(Required action) The result should hold only the lines from the one with "MONKEY CAGE // Thumbnail" through the final line of the data below, transcribed exactly, pictures left out.

(Source data)
──────────────────────────────
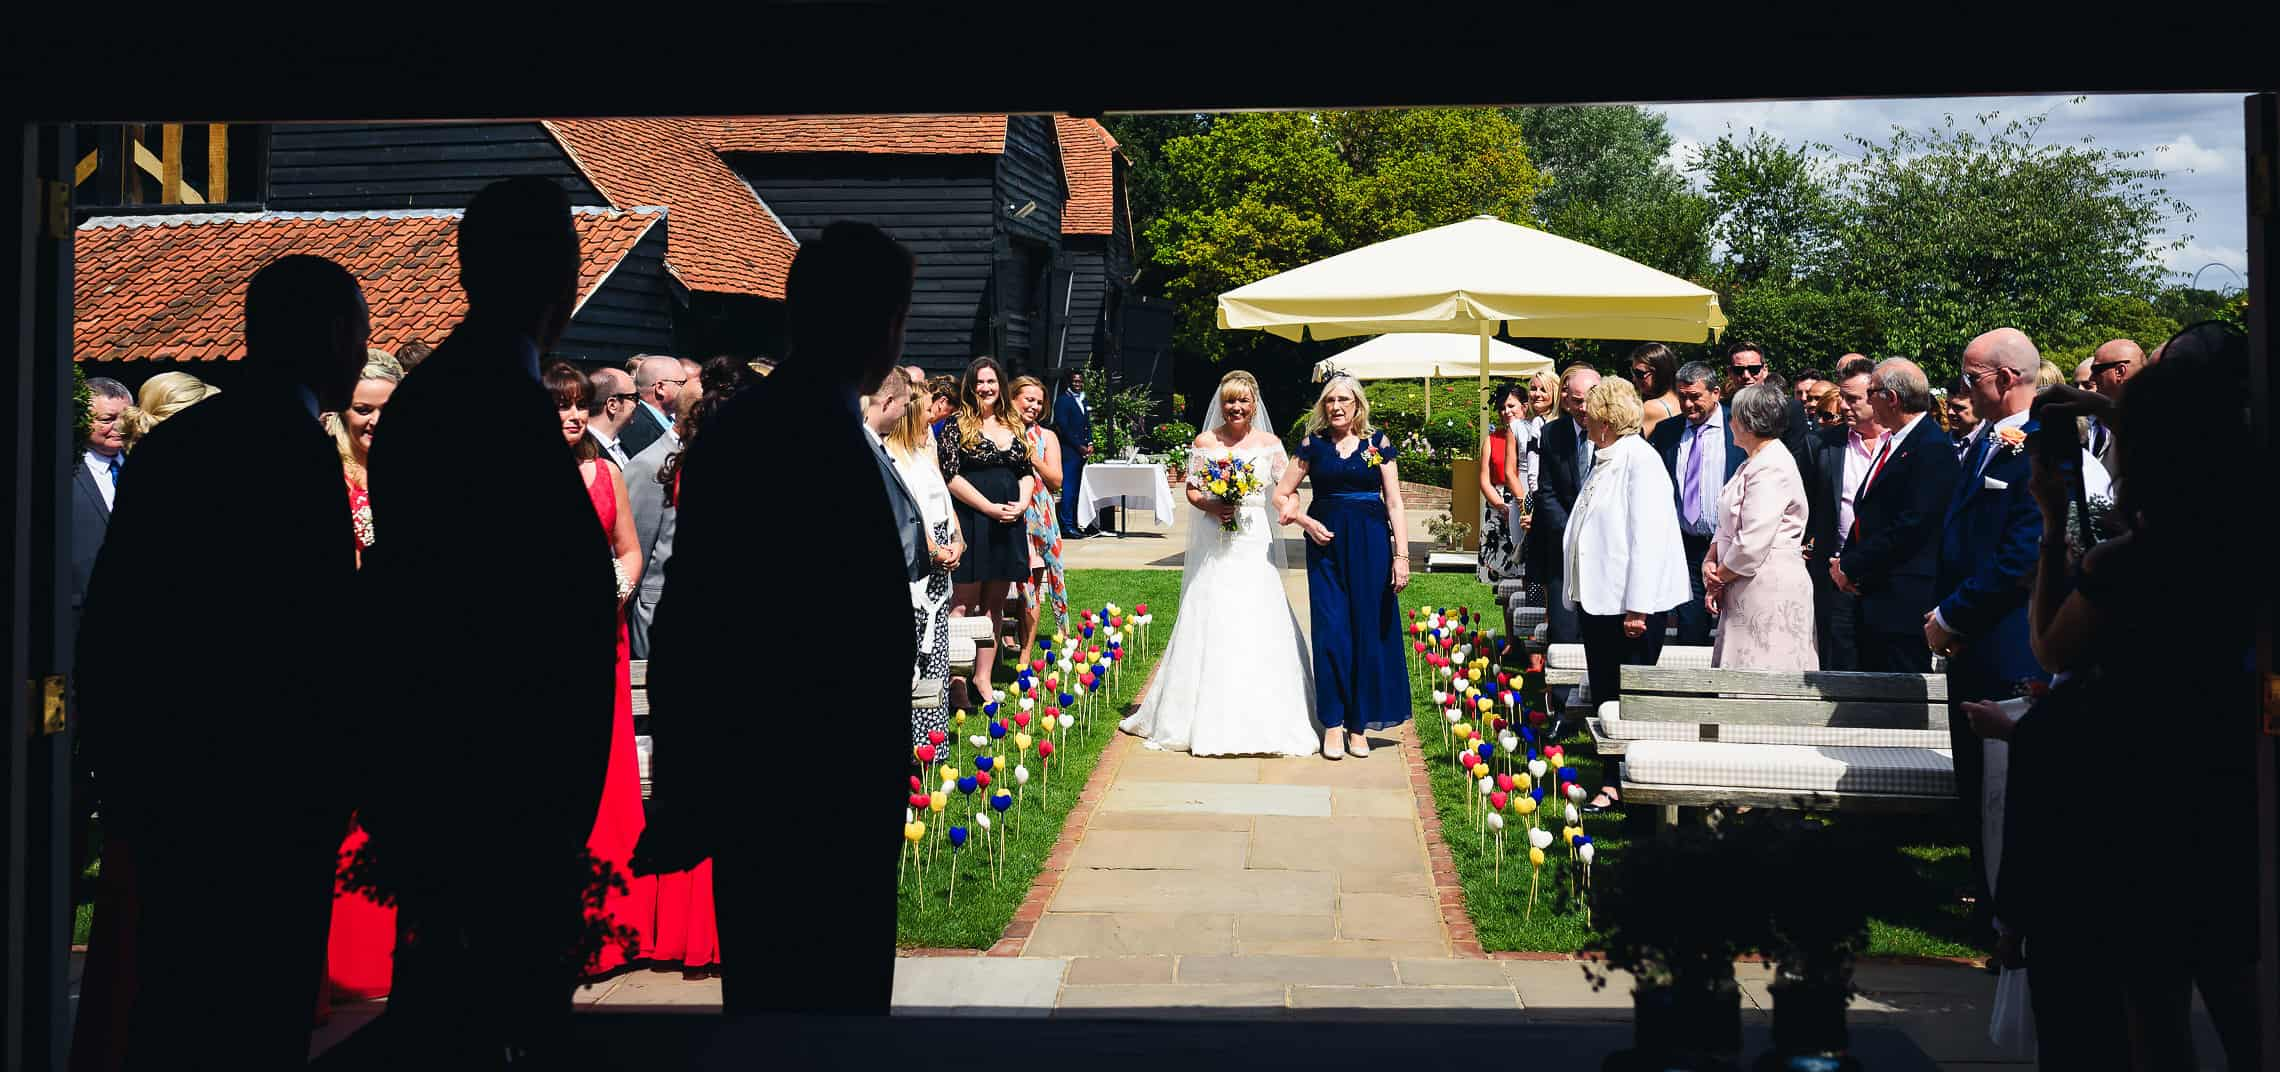 blake_hall_wedding_bc_justin_bailey_photography_023
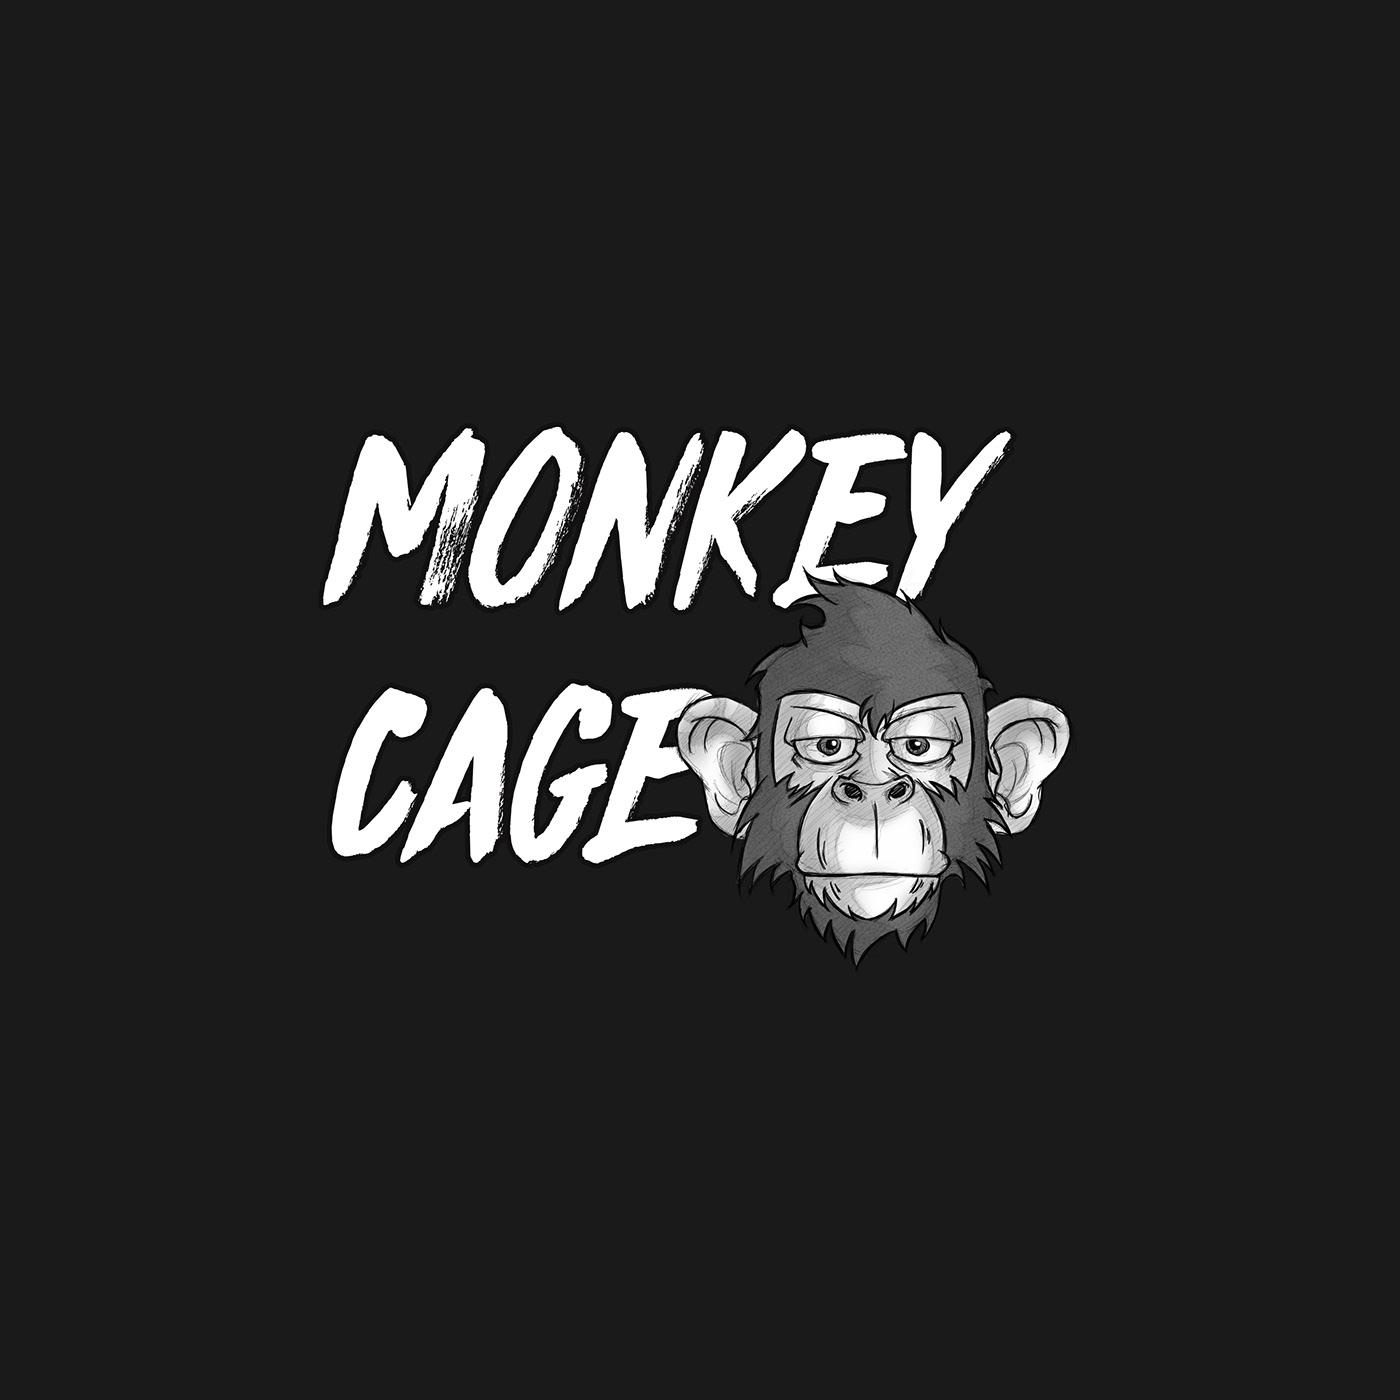 MONKEY CAGE // Thumbnail
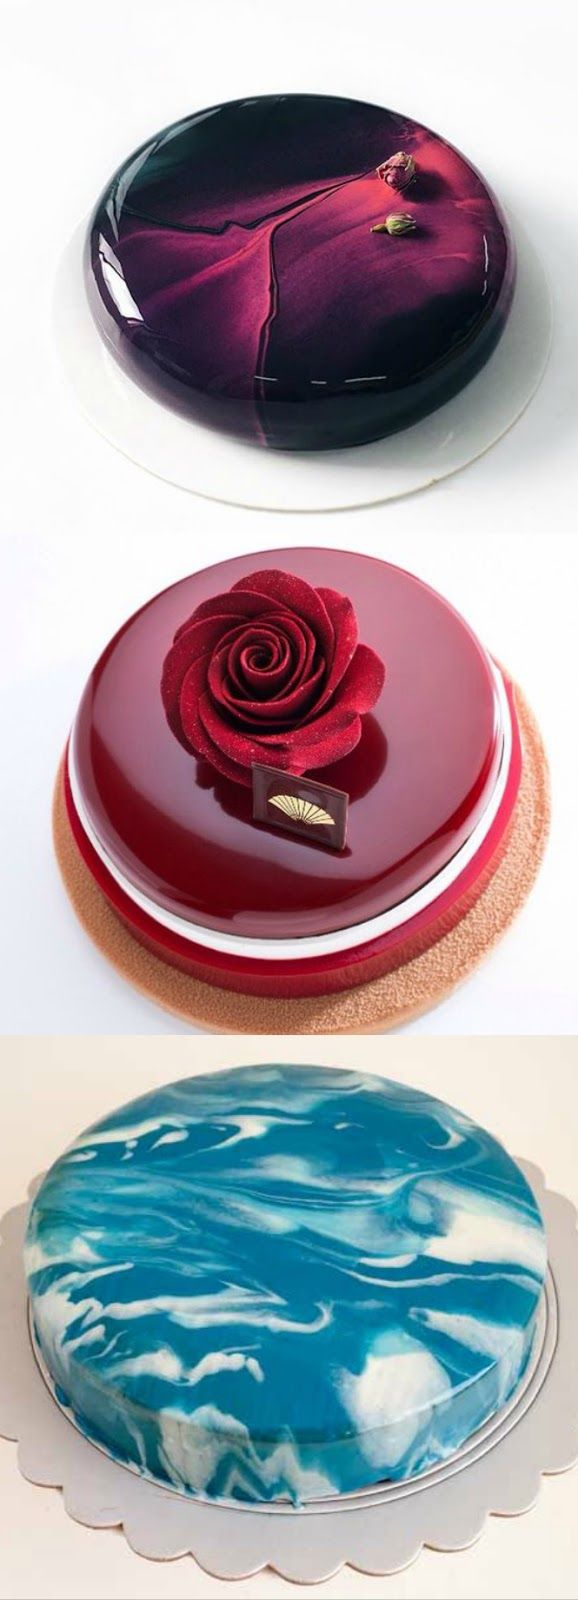 mirror glazed cake perfection tort k pinterest p tisserie gateau miroir et dessert. Black Bedroom Furniture Sets. Home Design Ideas
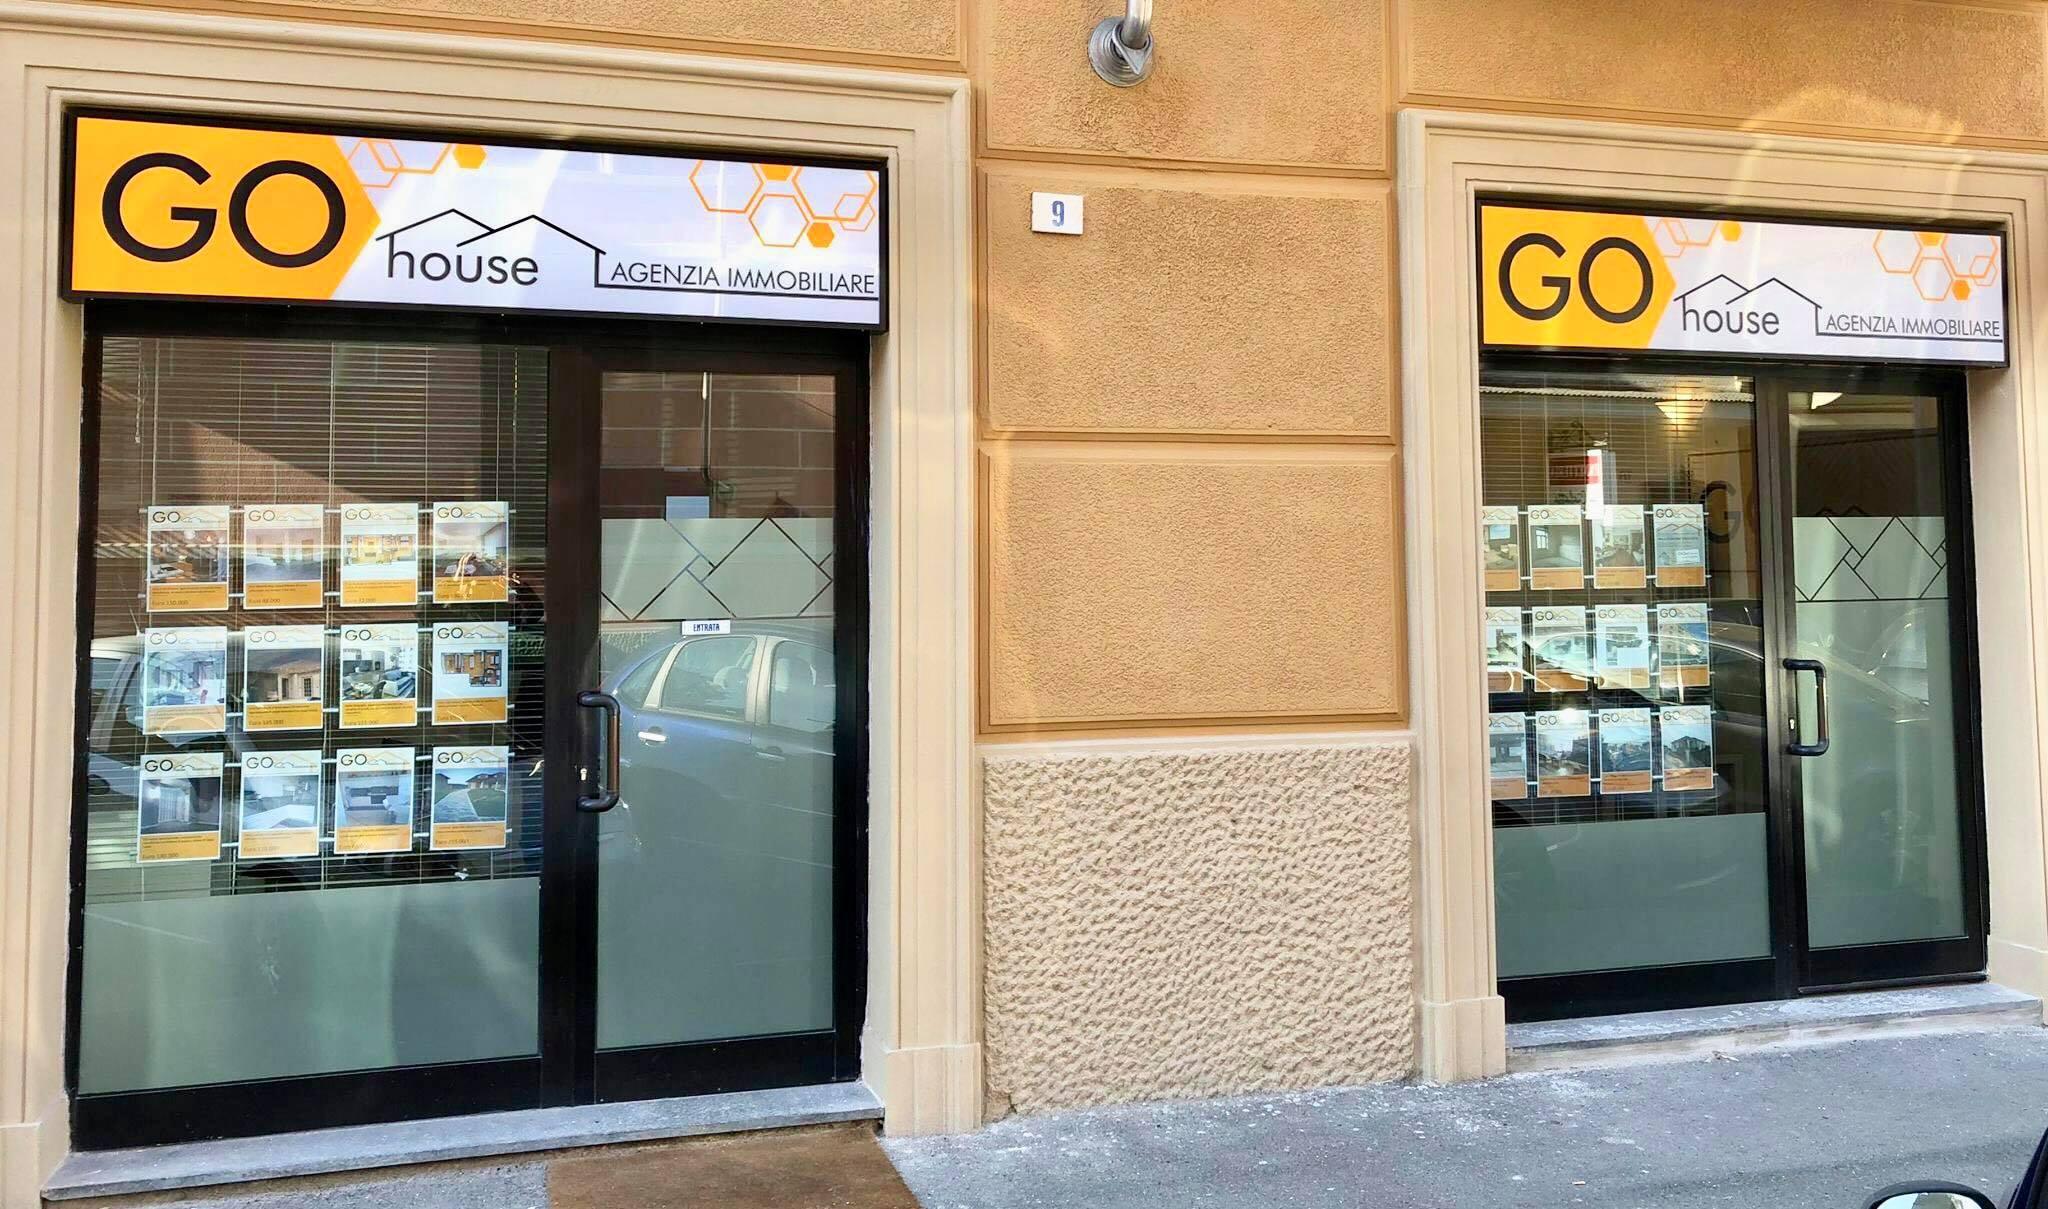 Agenzie Immobiliari Varazze gohouse varazze - immobiliare gohouse
──────────────────────────────
(Output of the exercise)
 MONKEY CAGE // Thumbnail
 mirror glazed cake perfection tort k pinterest p tisserie gateau miroir et dessert. Black Bedroom Furniture Sets. Home Design Ideas
 Agenzie Immobiliari Varazze gohouse varazze - immobiliare gohouse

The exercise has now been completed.